Harvey Goldsmith - Managing director, Artiste Management Productions
"It's tough out there, nobody's denying it, but what do we do to get out of it? At MidemNet, the sister conference, the whole thing was all about the fan-artist relationship. How can new bands utilise the internet to help them break through? How does it all work for the fans? How do the fans hear about new artists and start to get involved with them? The new braves, Reverb Nation and Hot Spin, and all these new technology opportunities, basically help acts break through and help fans get to the acts. MidemNet showed the solutions are coming through. There are ways of connecting fans with new acts so everyone's gung-ho. The doom and gloom people, it's time they left and retired. Every day you wake up, somebody sends you a track to listen to or you hear about a band you go and see them live, you just get really invigorated and turned on by it. I'm working with Jeff Beck and I realise there's a whole new world out there for him. The industry needs more people to get turned on and stop moaning. I always feel there's a solution somewhere. We've got ourselves in a mess, now let's dig ourselves out of it and just get on with it. I feel we're going to have a great year."

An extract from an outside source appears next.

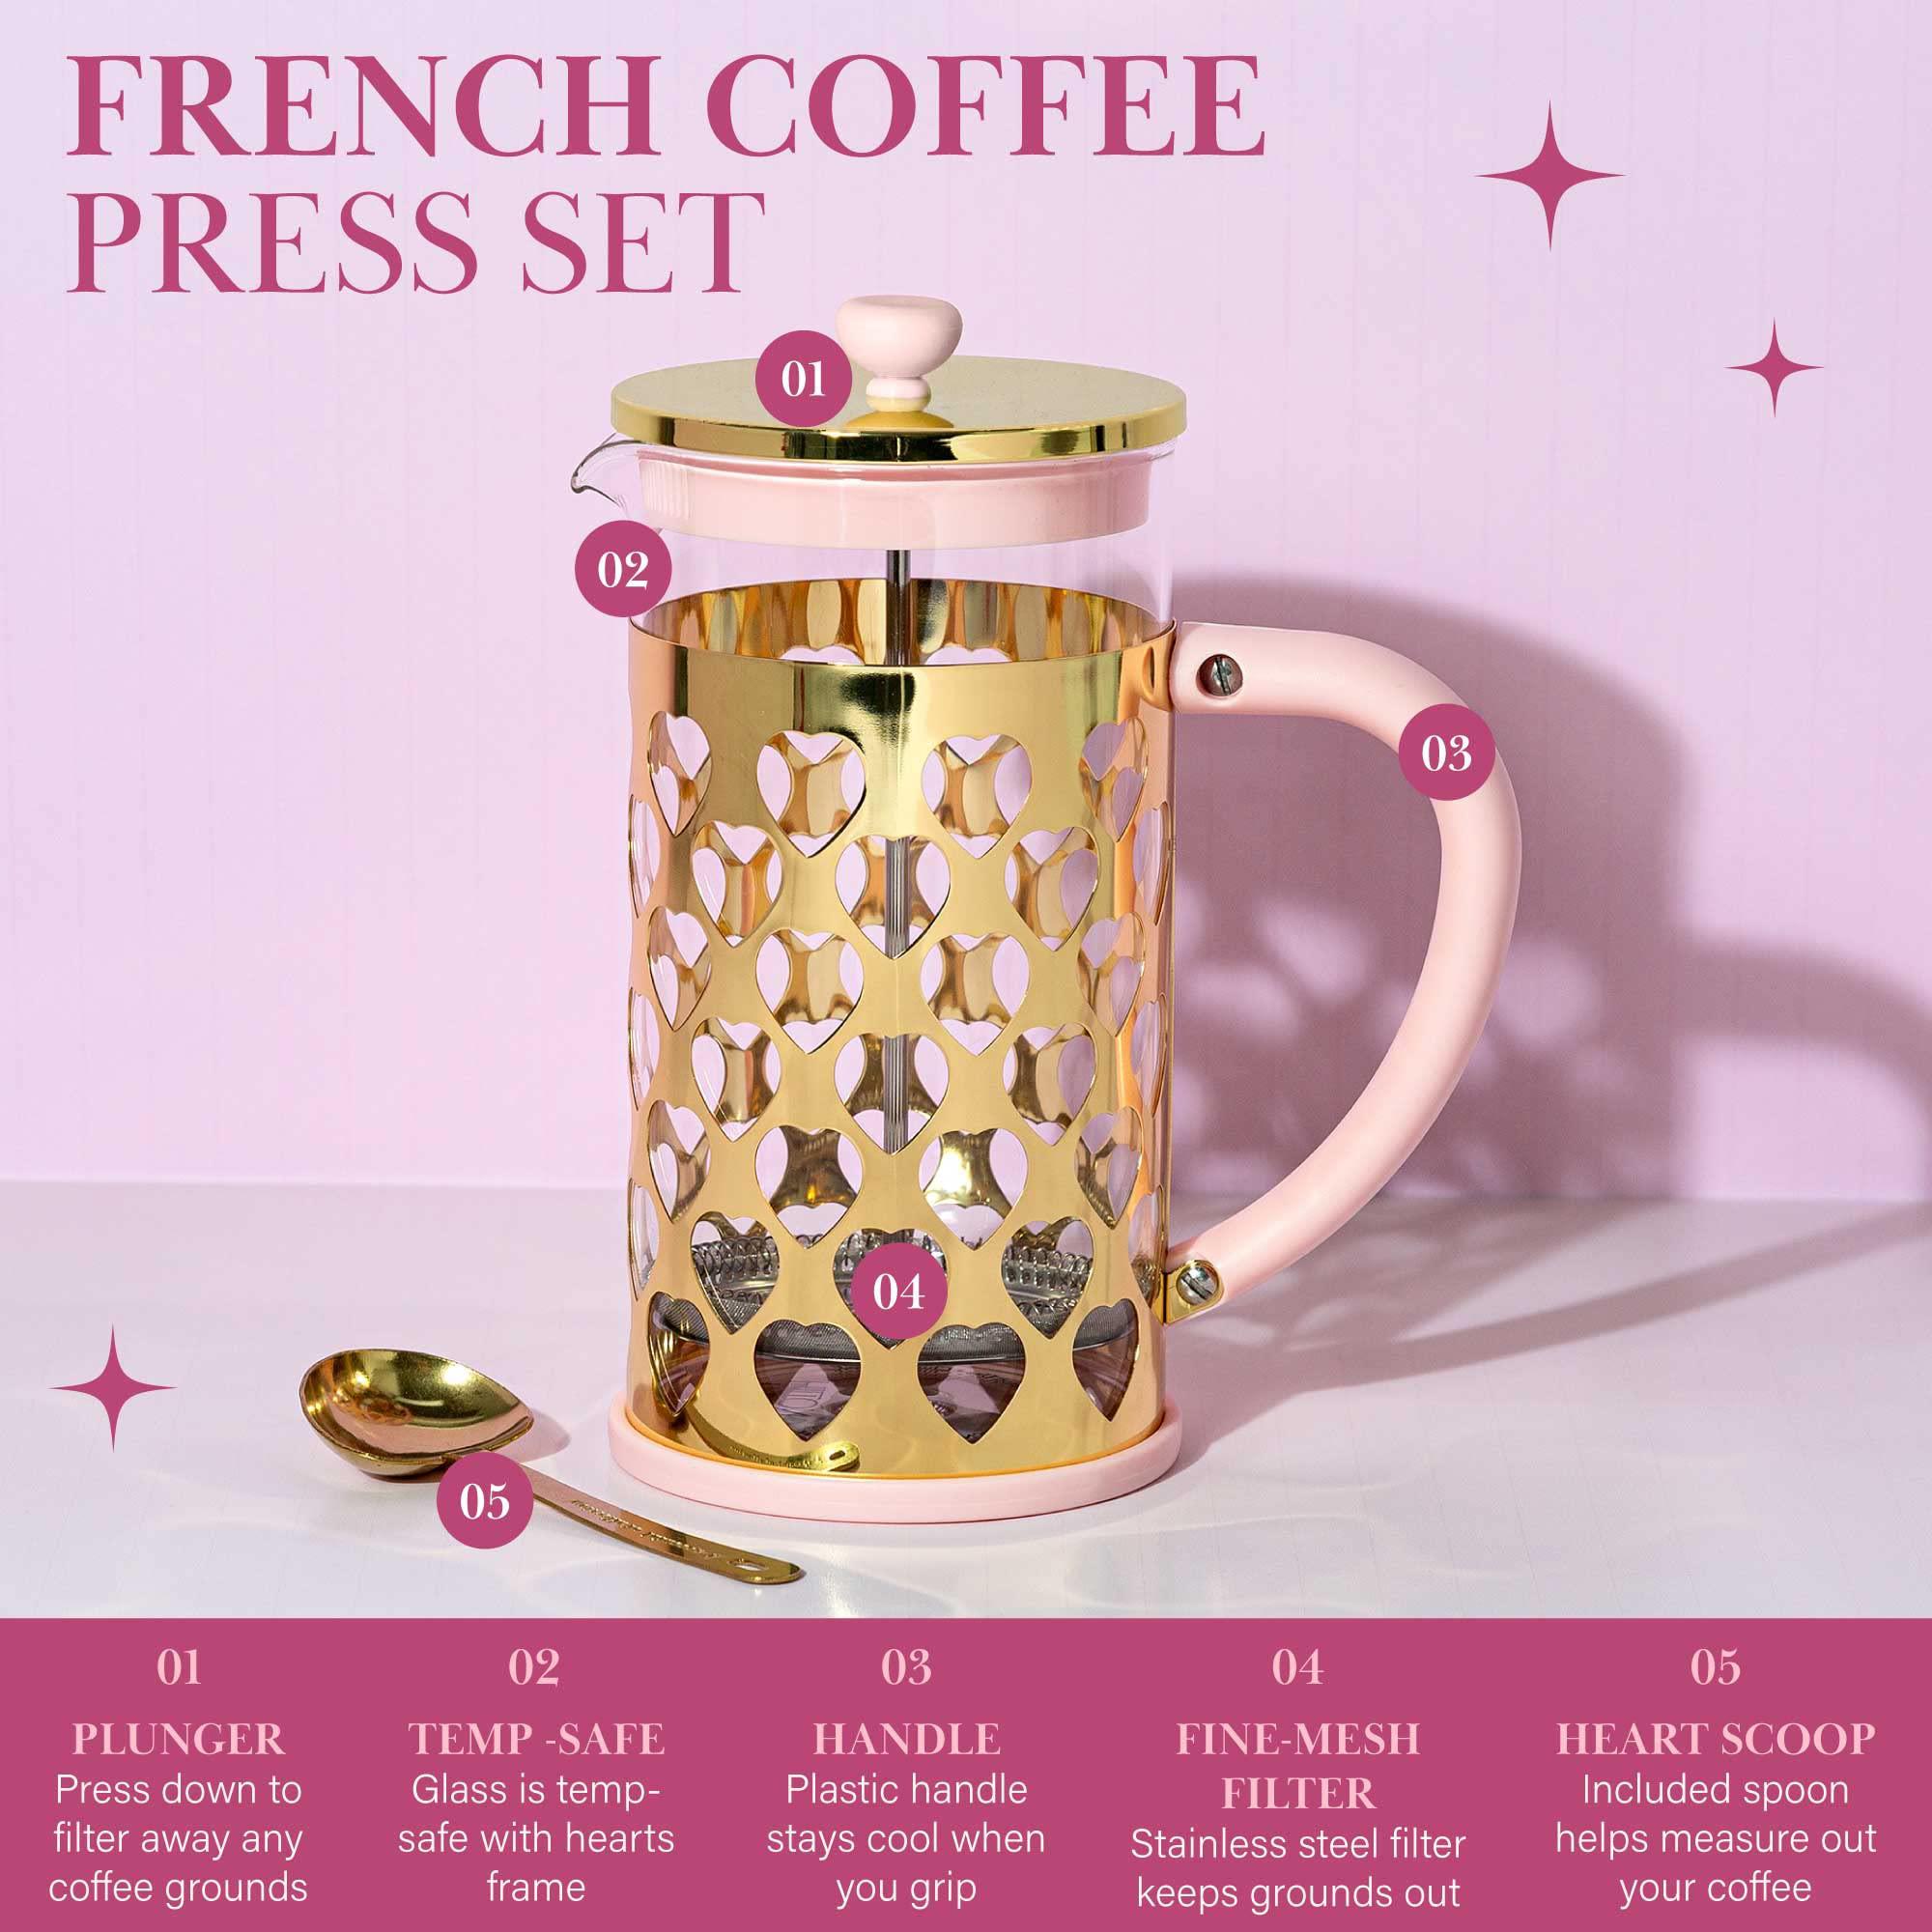 paris hilton french press coffee maker with heart shaped measuring scoop, 2-piece set, 8-cup or 34-ounce, pink
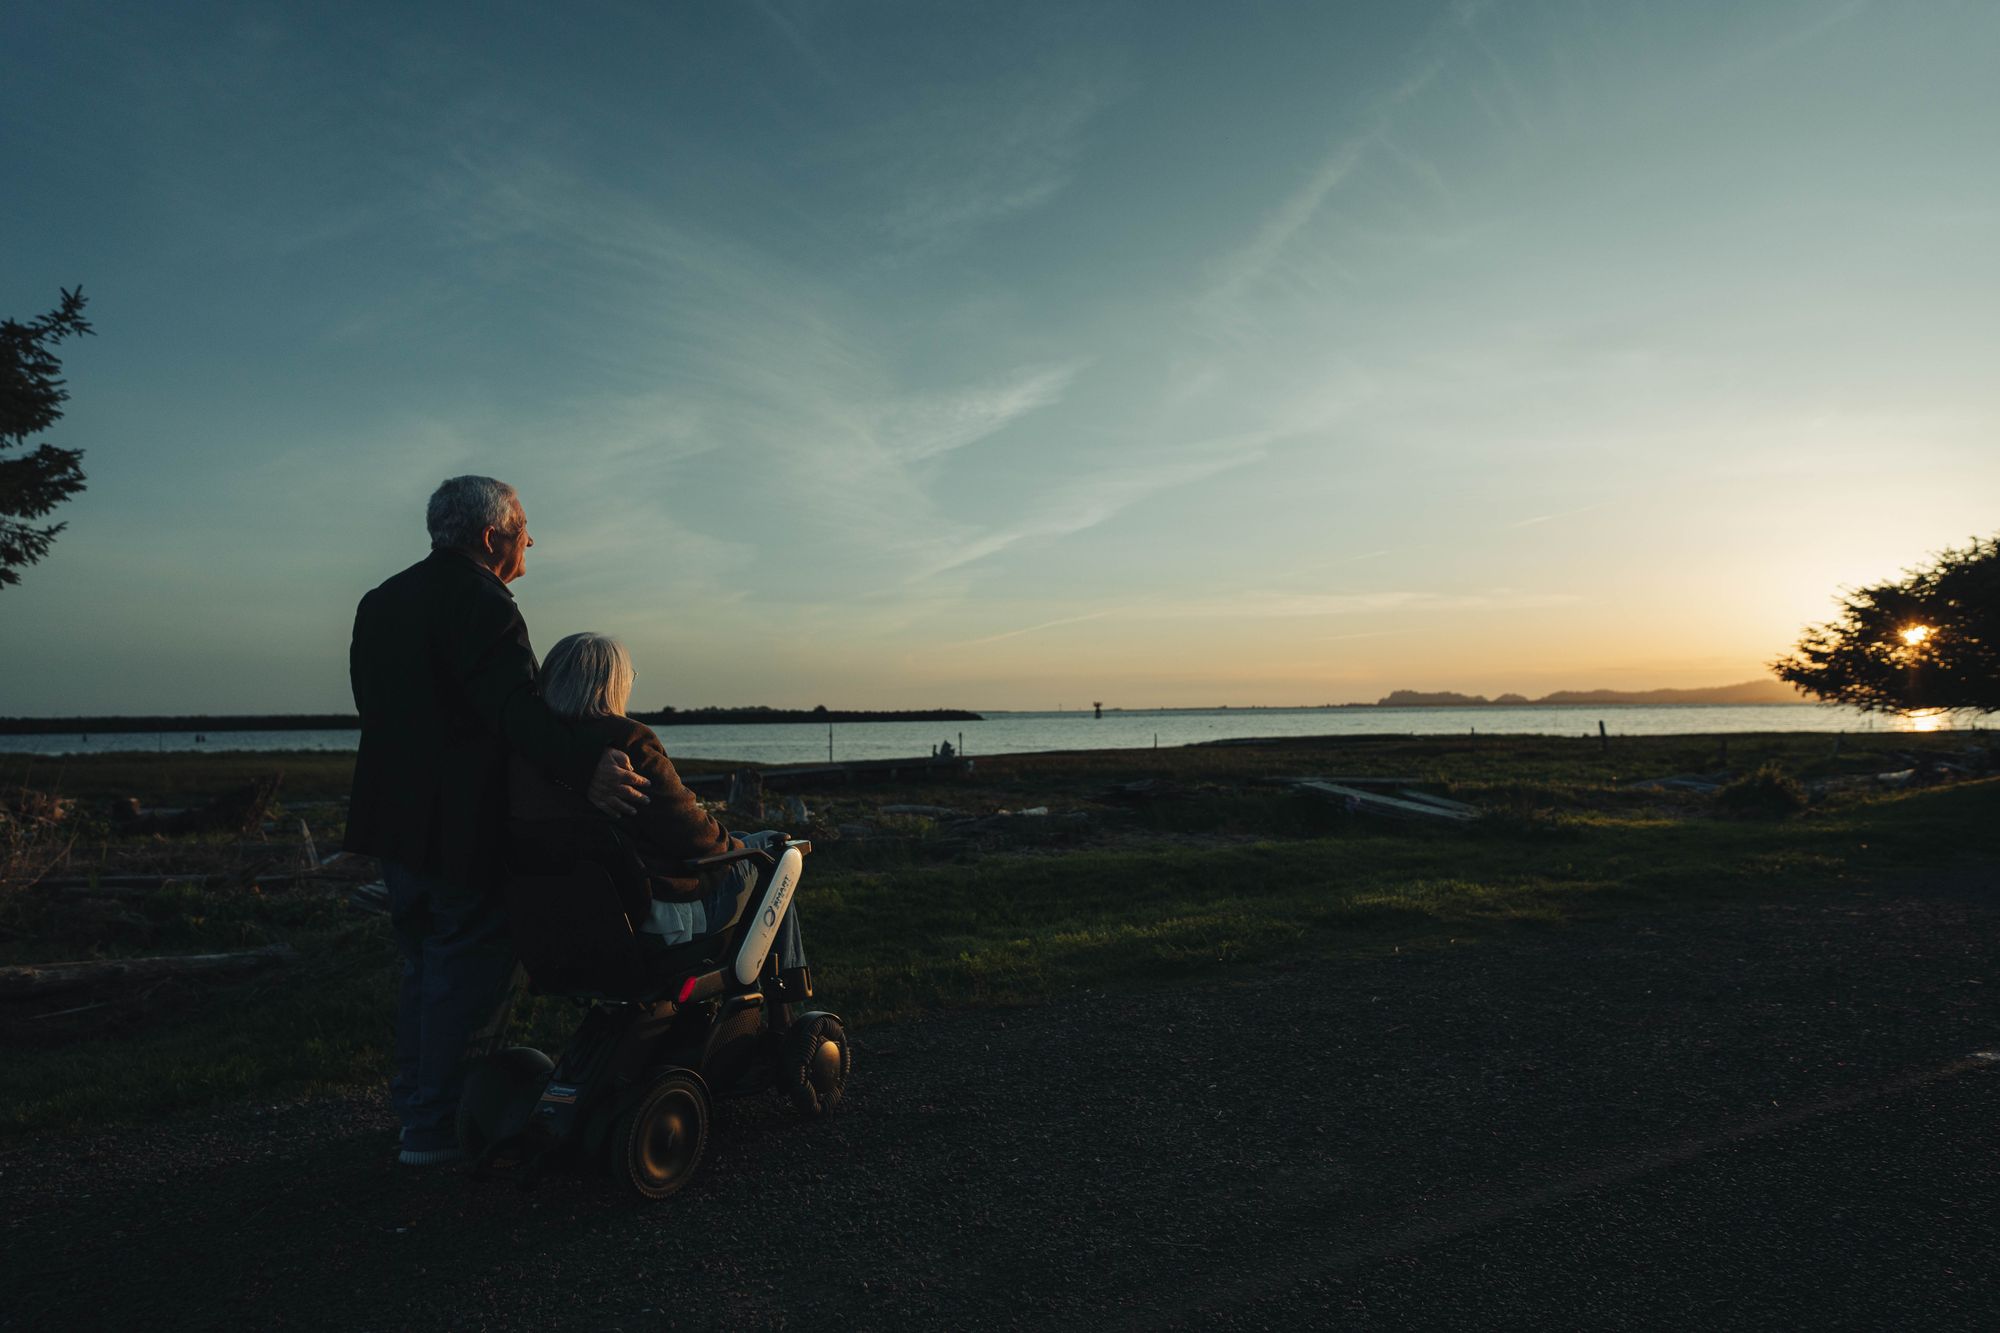 A wheelchair user with her husband watching the beautiful sunset over the ocean.

Feargal Sharkey - CEO UK Music
"All of us have to grapple with a little thing called evolution which has a nasty habit of sweeping you aside as irrelevant should you decide not to cooperate. But the most important thing is the music. We know 63 per cent of 14- to 24-year-olds in Britain are downloading music and not paying for it but, on the upside, we also know they are passionate about music. It registers above mobile phones, game consoles, DVDs. Are young people going to suddenly stop wanting to be creative and make music? Are music fans going to stop enjoying music, wanting it as part of their lives? It's not going to happen. All the music industry ever did was provide a bridge between creators and fans. That bridge is always going to be there."

Alison Wenham - Association for Independent Music
"The British are good at internationalising their business – we only have 8 per cent of our sales in the UK. This industry has always lived with piracy. The supply chain has been disrupted by the demise of Pinnacle but the independent industry is mercurial. We don't like the duopoly, Sony and Universal, routinely controlling 80 per cent of the charts and the visibility, but I'm always hopeful. You've got to remember this industry has been going through an agonising decline for eight years. We haven't suddenly hit the buffers like the finance industry. So we are rather war-torn but we're also hardened and resourceful."